#### [Exercise brief]
Pictures stay out of the output. Return exactly the lines below from the one with "Кросівки жіночі білі з" down to the one with "אירועי מורשת לפי", both included, and nothing more.

#### [Source data]
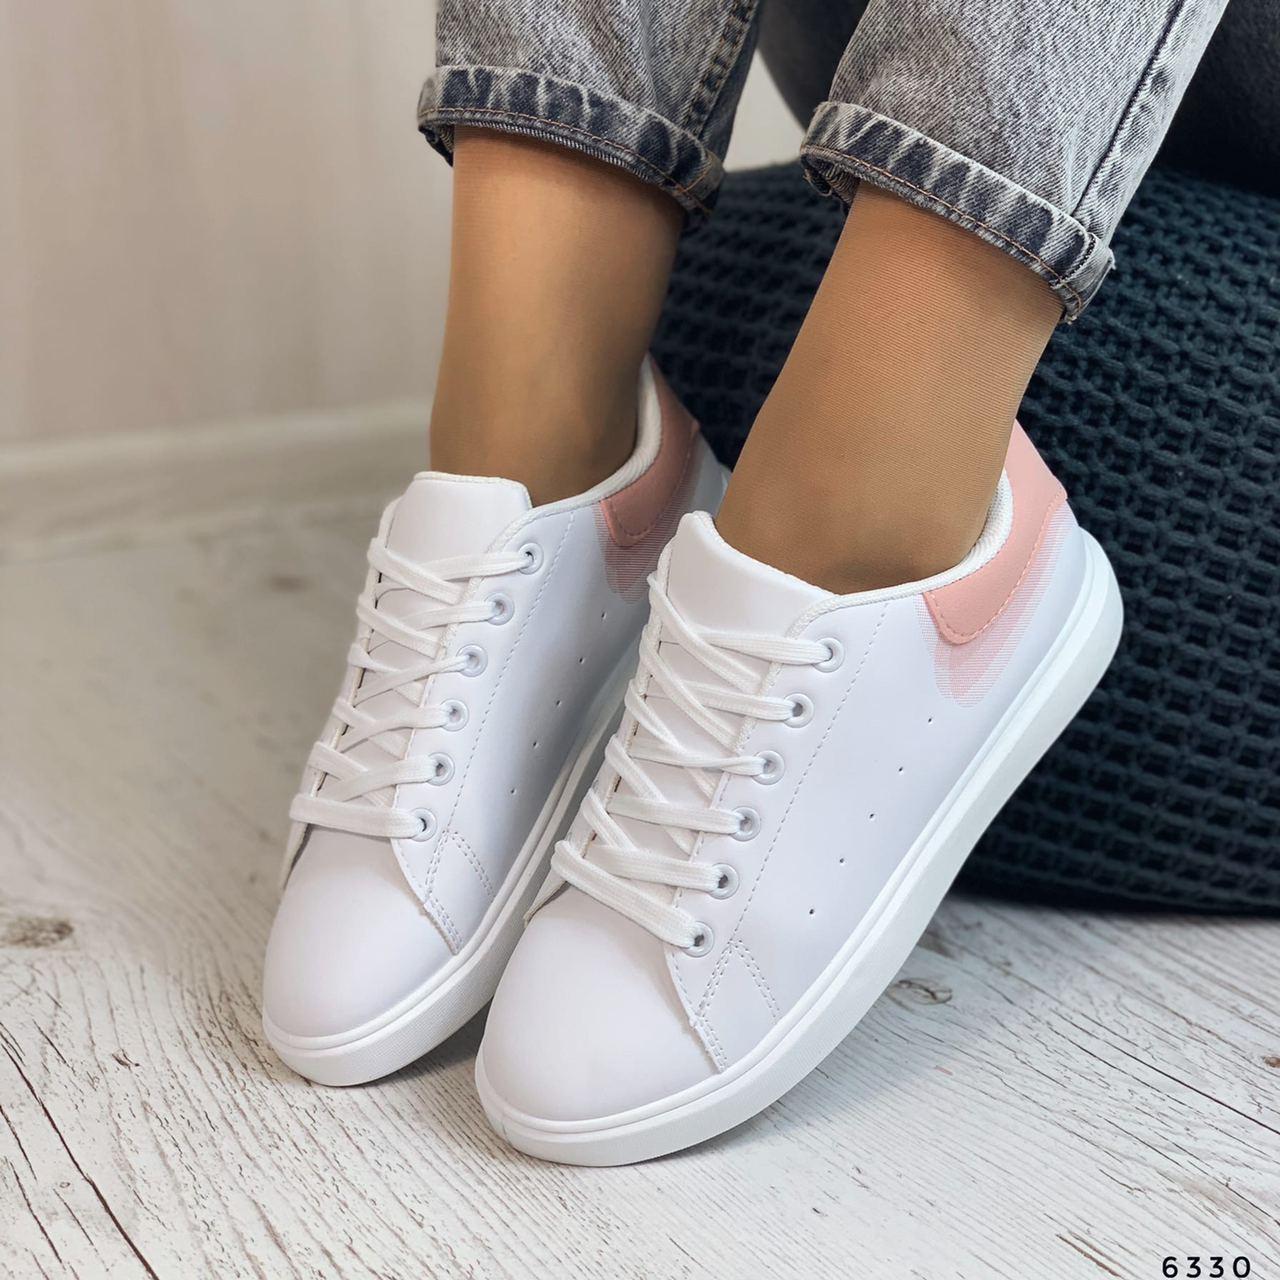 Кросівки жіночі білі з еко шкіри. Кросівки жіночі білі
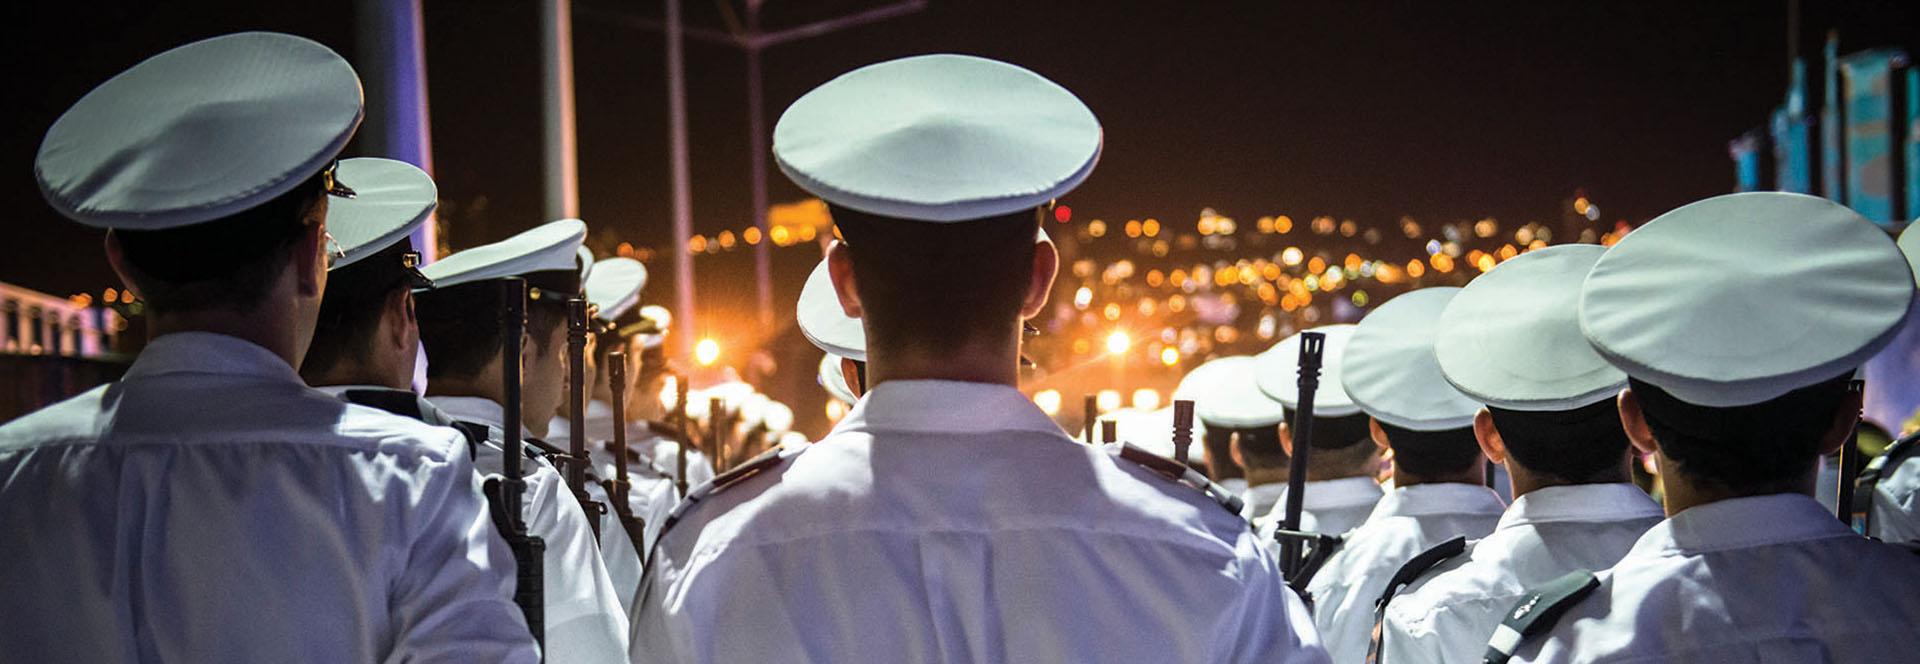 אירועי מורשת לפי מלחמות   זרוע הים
--
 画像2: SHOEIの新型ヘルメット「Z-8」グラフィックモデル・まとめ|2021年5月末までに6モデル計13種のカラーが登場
--
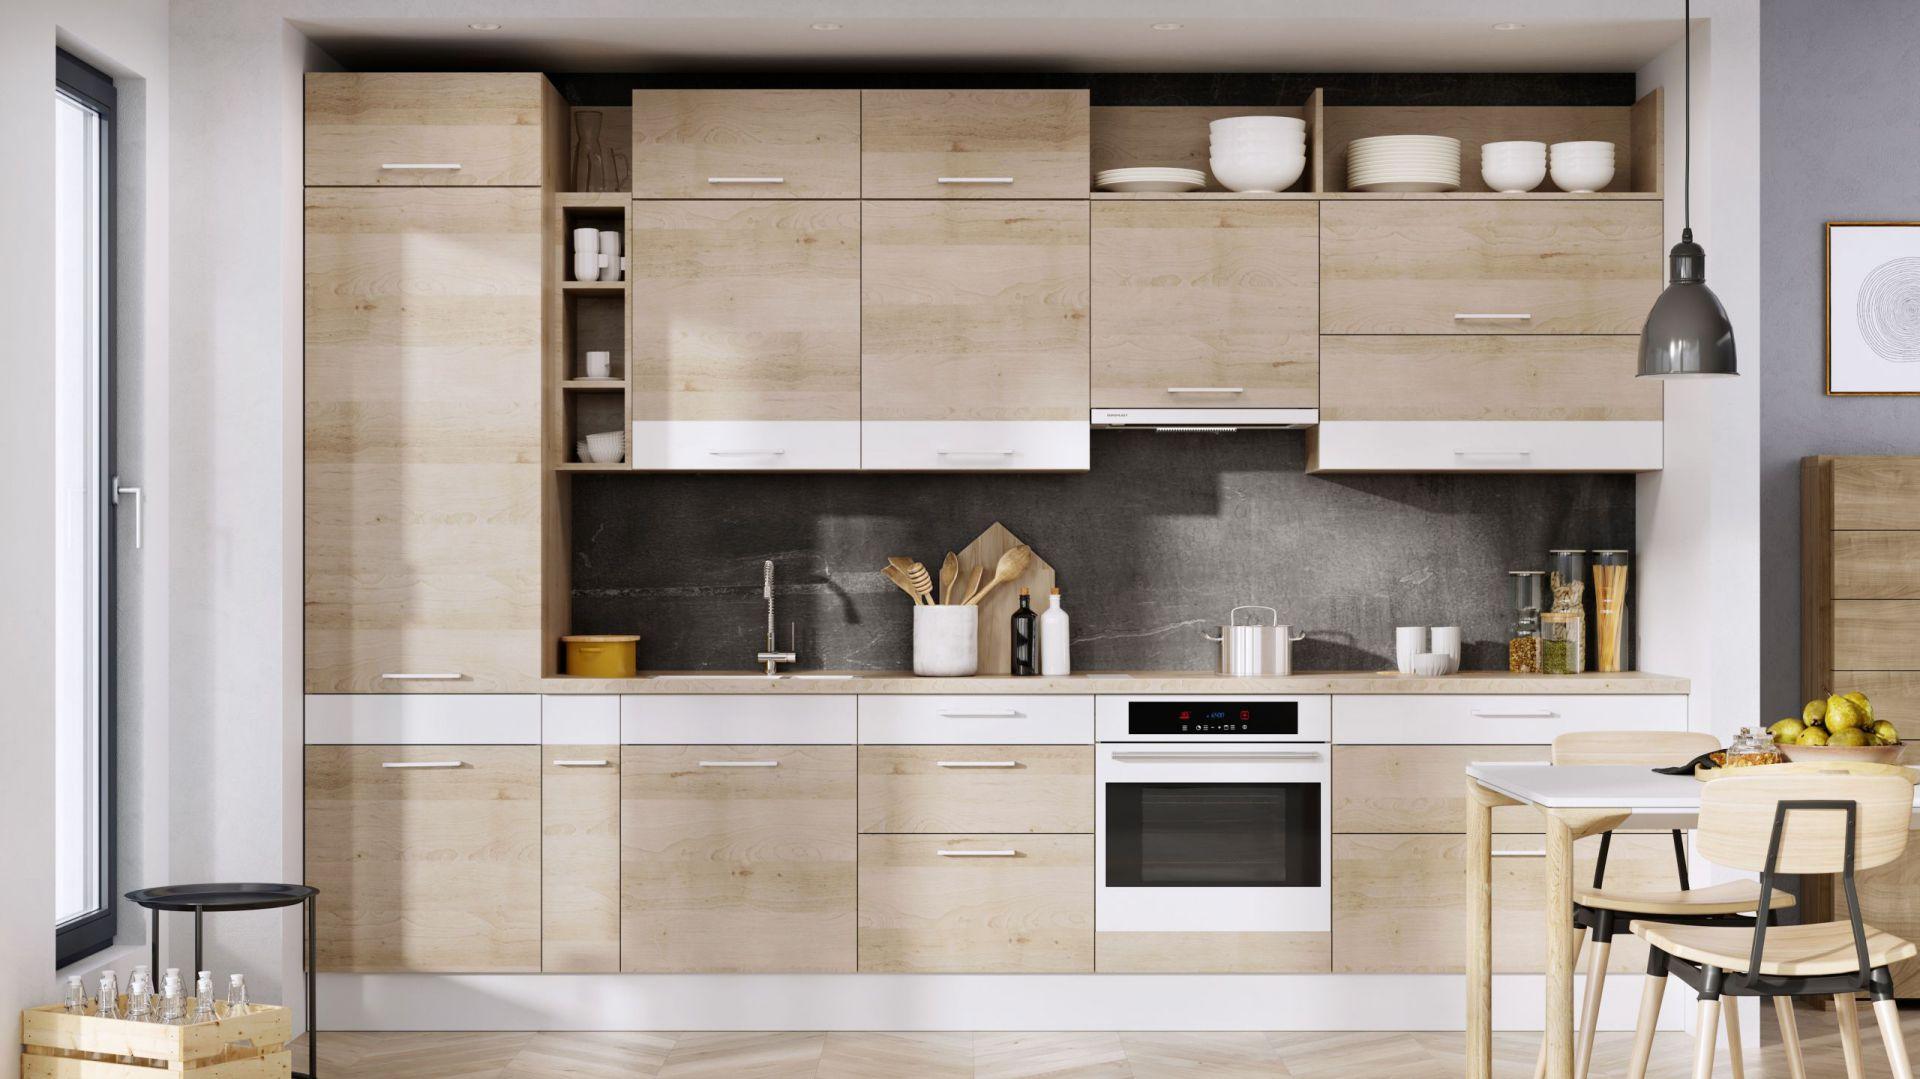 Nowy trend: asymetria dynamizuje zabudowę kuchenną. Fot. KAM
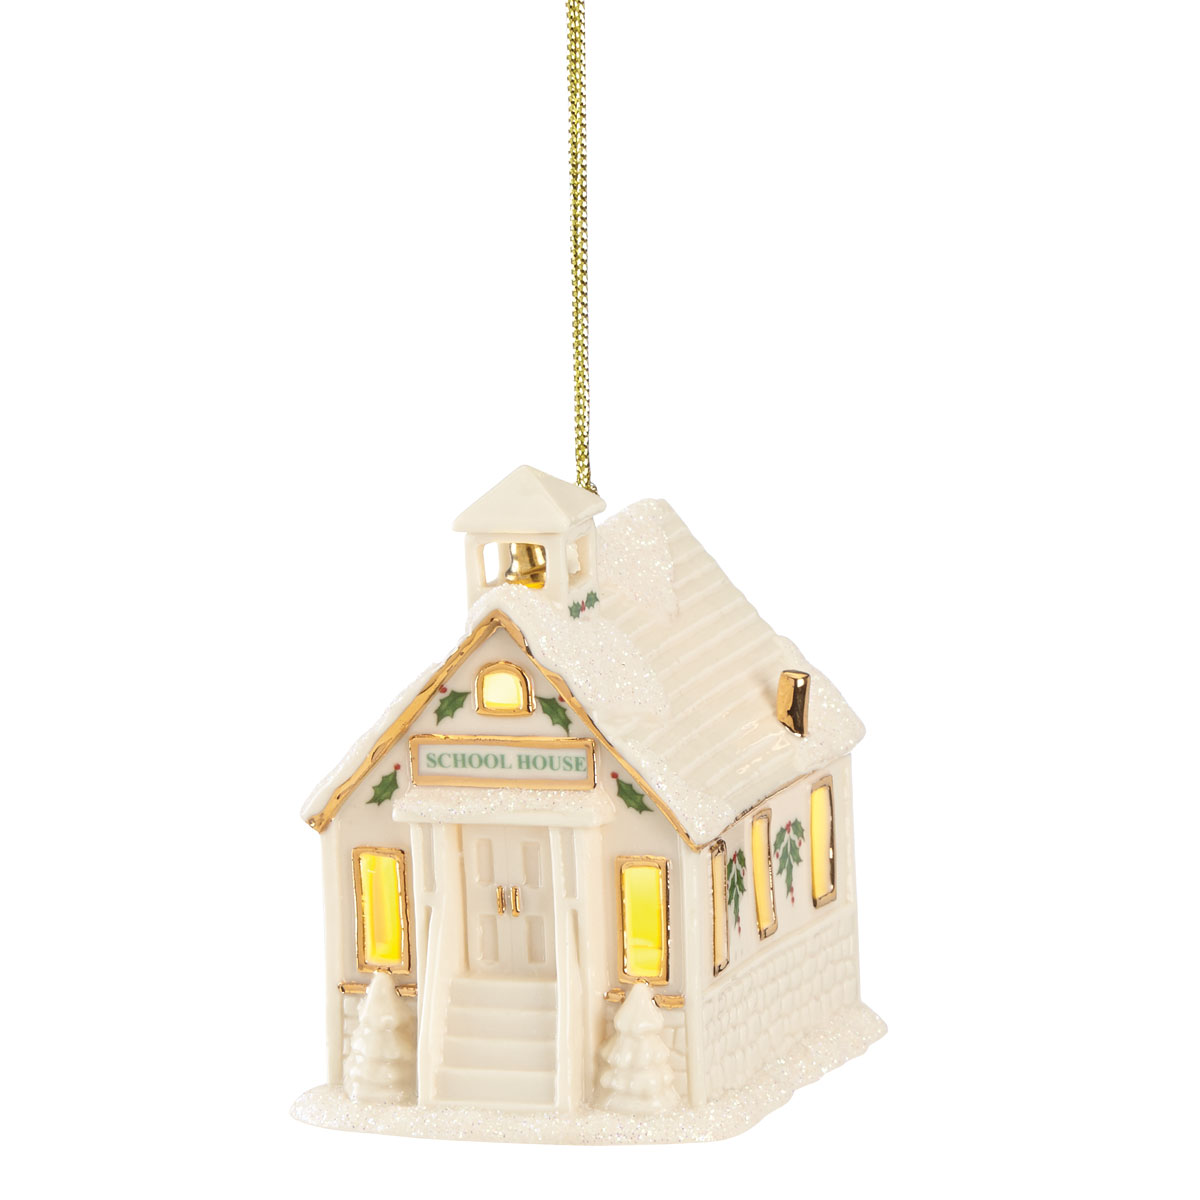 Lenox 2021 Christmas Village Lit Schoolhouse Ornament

#### [Finished task]
 Кросівки жіночі білі з еко шкіри. Кросівки жіночі білі
 אירועי מורשת לפי מלחמות   זרוע הים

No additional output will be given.